FIGS. 2 and 3 schematically illustrate CNT(carbon nanotube)-based sheets 20 related to the present disclosure.

The current collector of the anode material 2 may be a CNT(carbon nanotube)-based sheet 20 instead of copper.

If the CNT-based sheet 20 is used as a current collector of a lithium ion battery, unlike a anode material of an existing secondary battery, there is the advantage that the binder may be omitted and most of the excellent electrical properties of CNTs may be utilized. Specifically, the CNT-based sheet 20 has high electrical conductivity, low density and excellent electrochemical stability. Specifically, CNT current collectors with low density may contribute to weight reduction of lithium ion batteries.
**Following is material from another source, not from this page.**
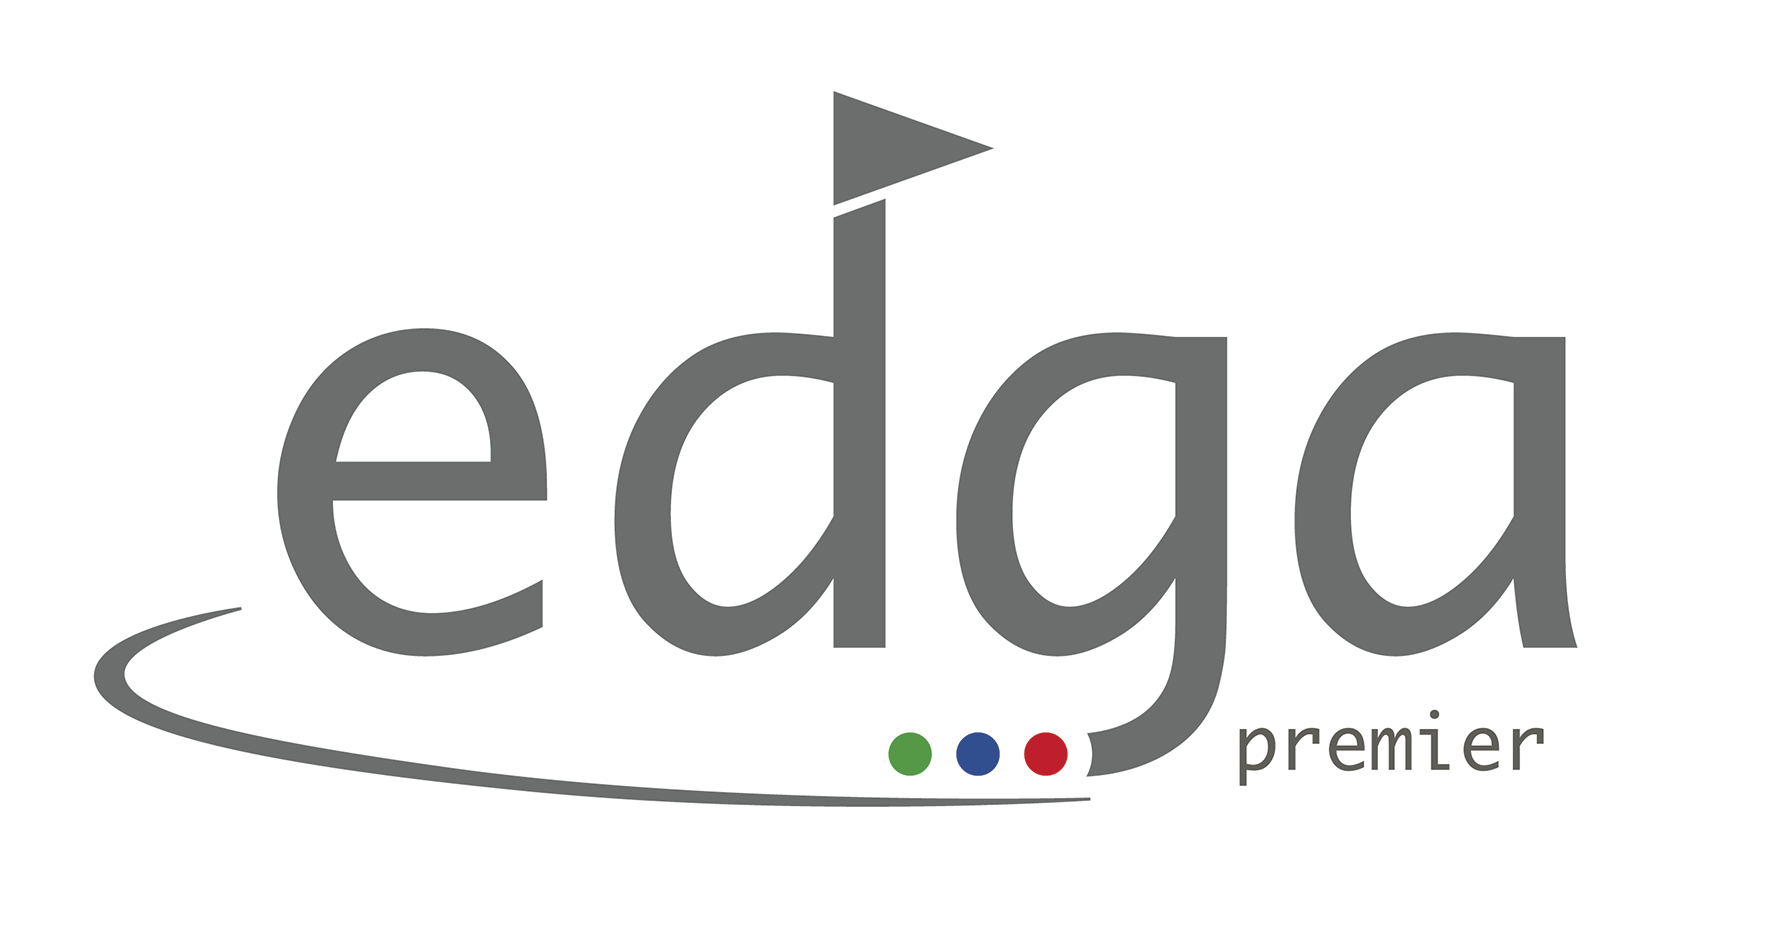 edga logo premier serie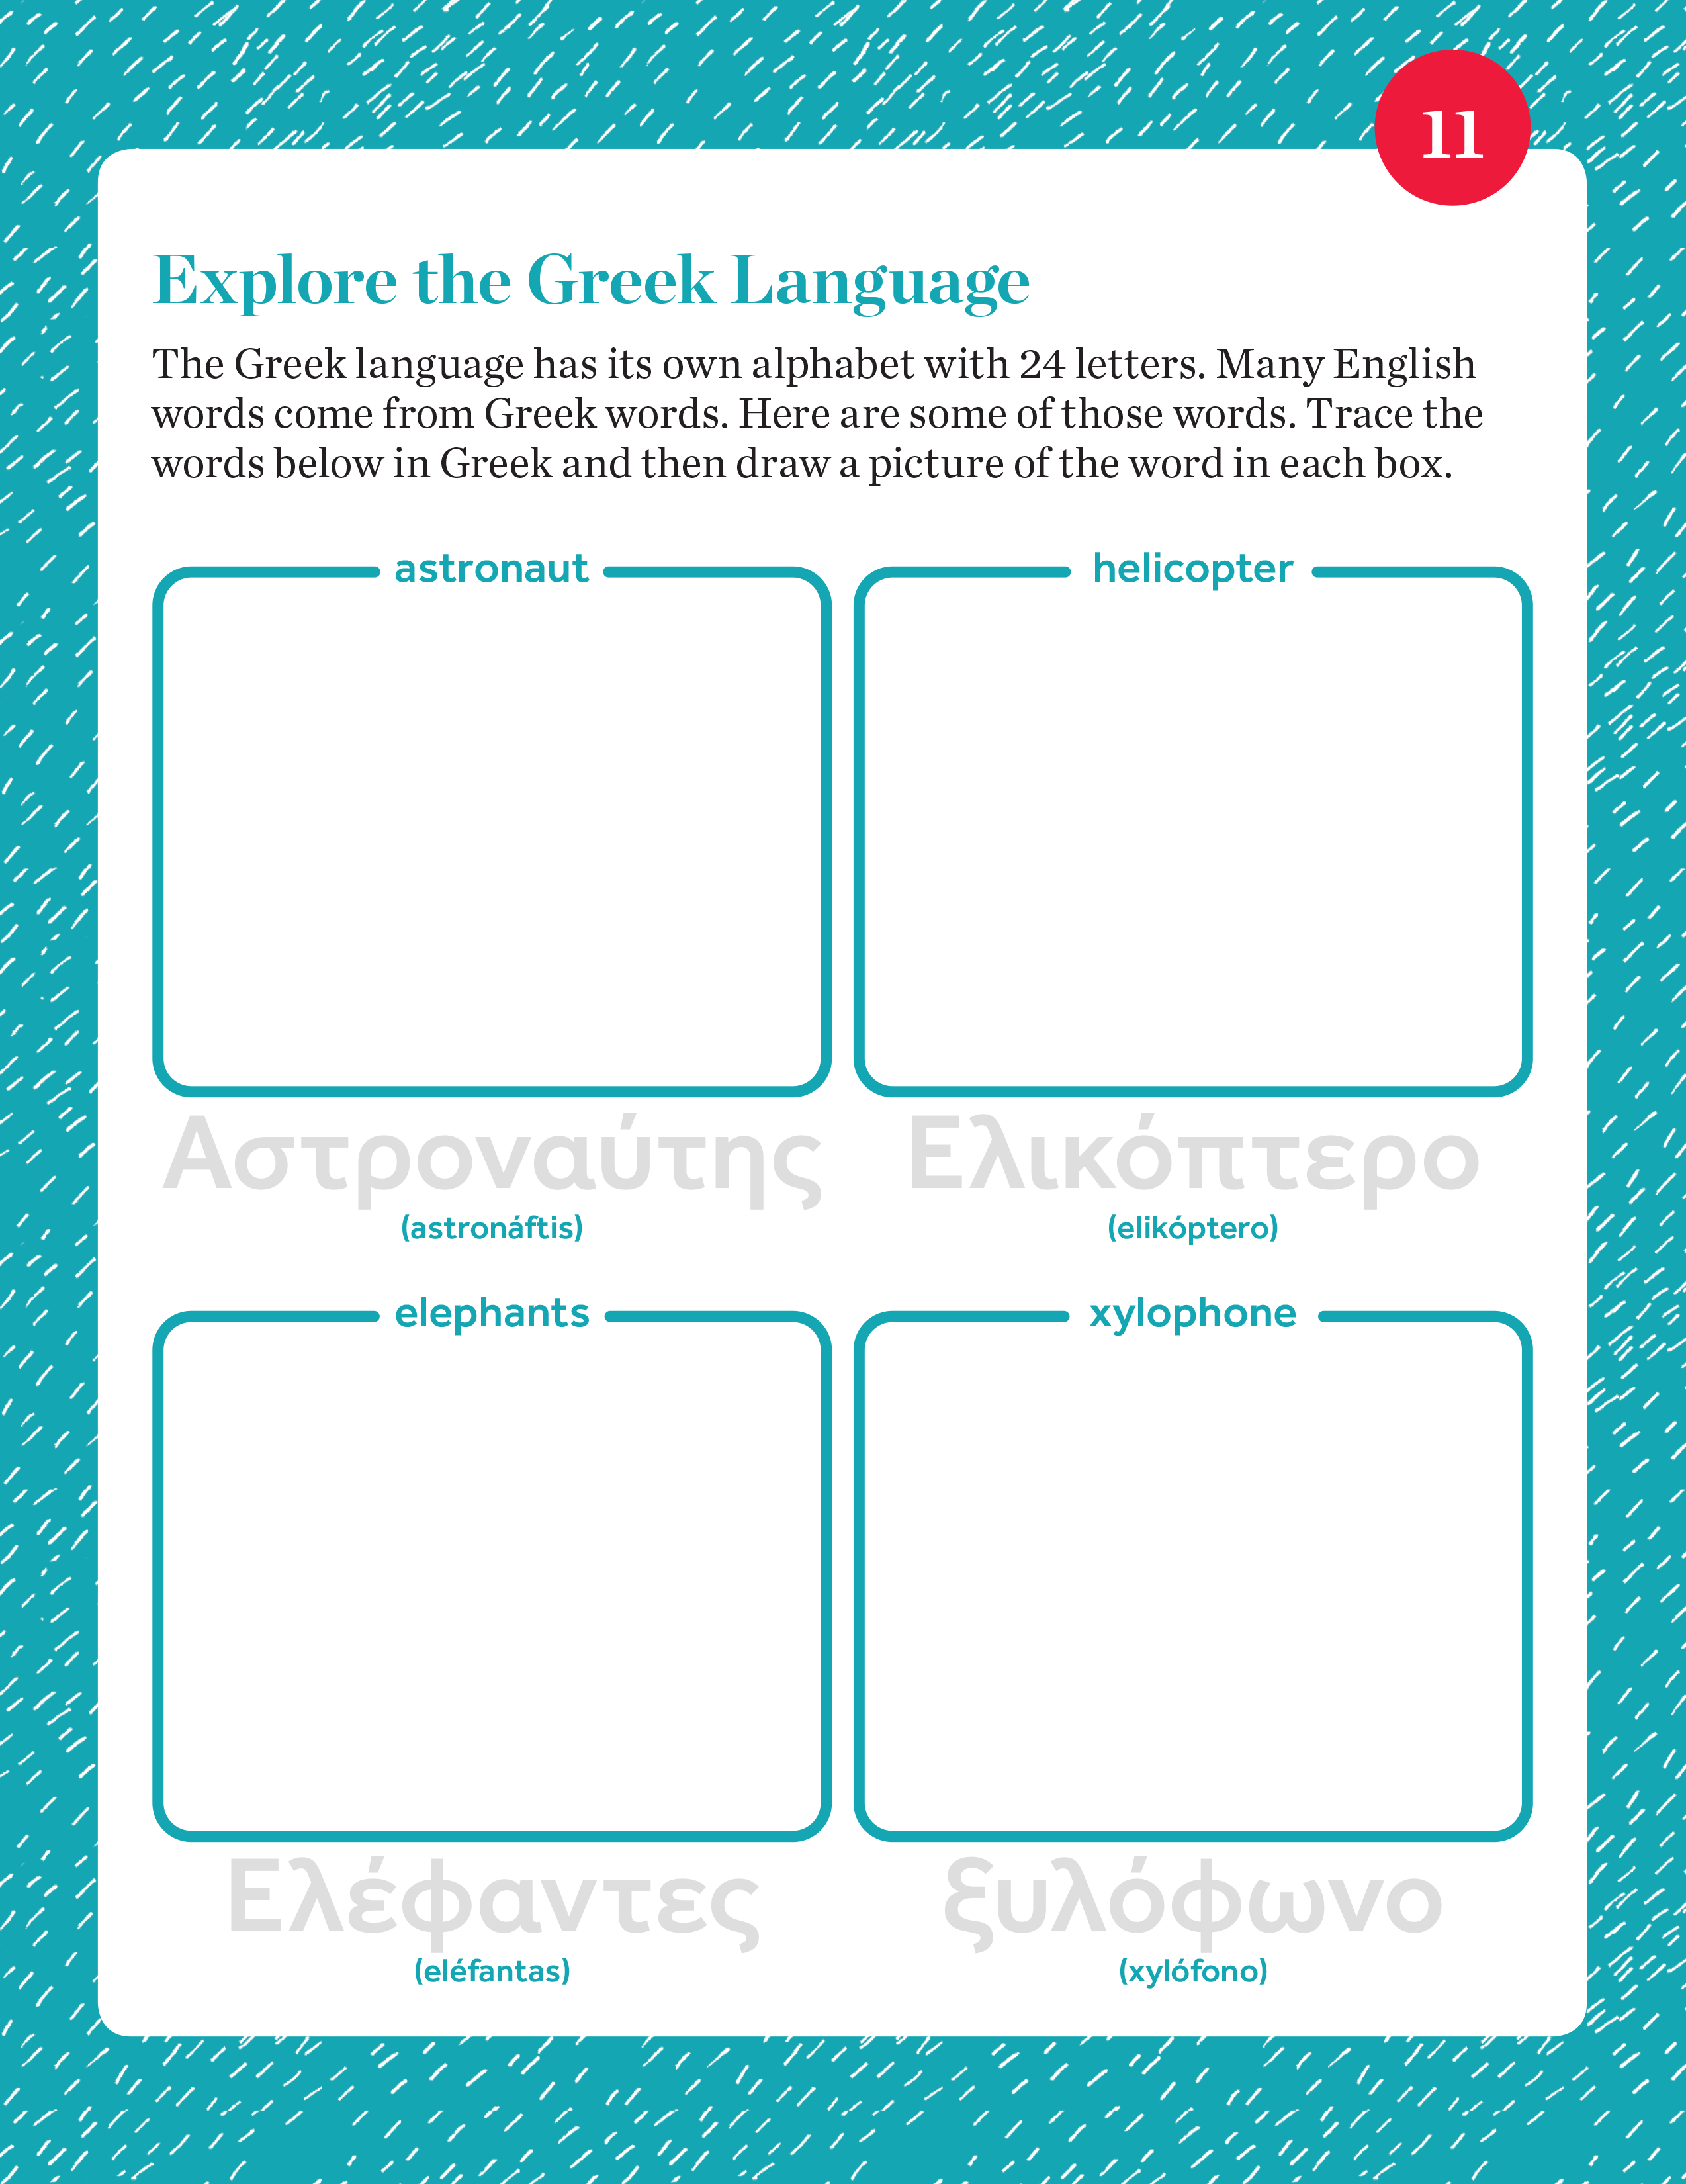 Explore the Greek Language

The CNT-based sheet 20 may be an anisotropic sheet 20a in which CNT fibers constituting the sheet have directionality, or the CNT-based sheet 20 may be a non-woven sheet 20b as illustrated in FIG. 3. However, despite the above advantages, these CNT-based sheet 20 has some disadvantages when used as a current collector. Specifically, in the case of the anisotropic sheet 20a having a directionality as illustrated in FIG. 2, there is a problem in that mechanical properties are deteriorated in the vertical direction of the aligned direction. In the case of the non-woven sheet 20b as illustrated in FIG. 3, overall mechanical properties may be insufficient, or non-uniformity may occur due to partial differences in physical properties.

FIG. 4 is a partial front view of an anode structure 100 according to an example embodiment of the present disclosure. FIG. 5 is a partial perspective view of the anode structure 100 according to another example embodiment of the present disclosure. FIG. 6 is a conceptual diagram of one form of a secondary battery 200 to which the anode structure 100 is applied.

Following embodiments propose the anode structure 100 that complements the above CNT-based sheet. The anode structure 100 is included in the anode and refers to a structure that may be used as a current collector or a precipitation-type anode to be described later.

The anode structure 100 may be a sheet in which a plurality of yarns 110 formed of CNT fibers are woven, that is, a CNT-based woven structure.

The CNT-based woven structure may have improved electrical, mechanical properties, and more uniform properties.

Below, a specific manufacturing method and a structure of the CNT-based woven structure will be described.

The anode structure 100 may be a sheet in which a plurality of yarns 110 formed of CNT fibers are woven. The anode structure 100 may have a uniform pattern.

The anode structure 100 may be woven in a variety of ways. For example, the anode structure may be woven in various ways, such as plain weaving, twill weaving and satin weaving. In other words, the anode structure 100 may be formed without being limited to any particular weaving method as long as a regular texture can be formed. The anode structure 100 formed by weaving may take the form of a thin and wide sheet, and the stiffness may depends on the weaving method. FIGS. 4 and 5 conceptually illustrate some of the anode structures 100 that may be woven in the various ways described. The anode structure 100 of the present disclosure may be any woven structure to the extent that is not inconsistent with the described or to-be-explained features.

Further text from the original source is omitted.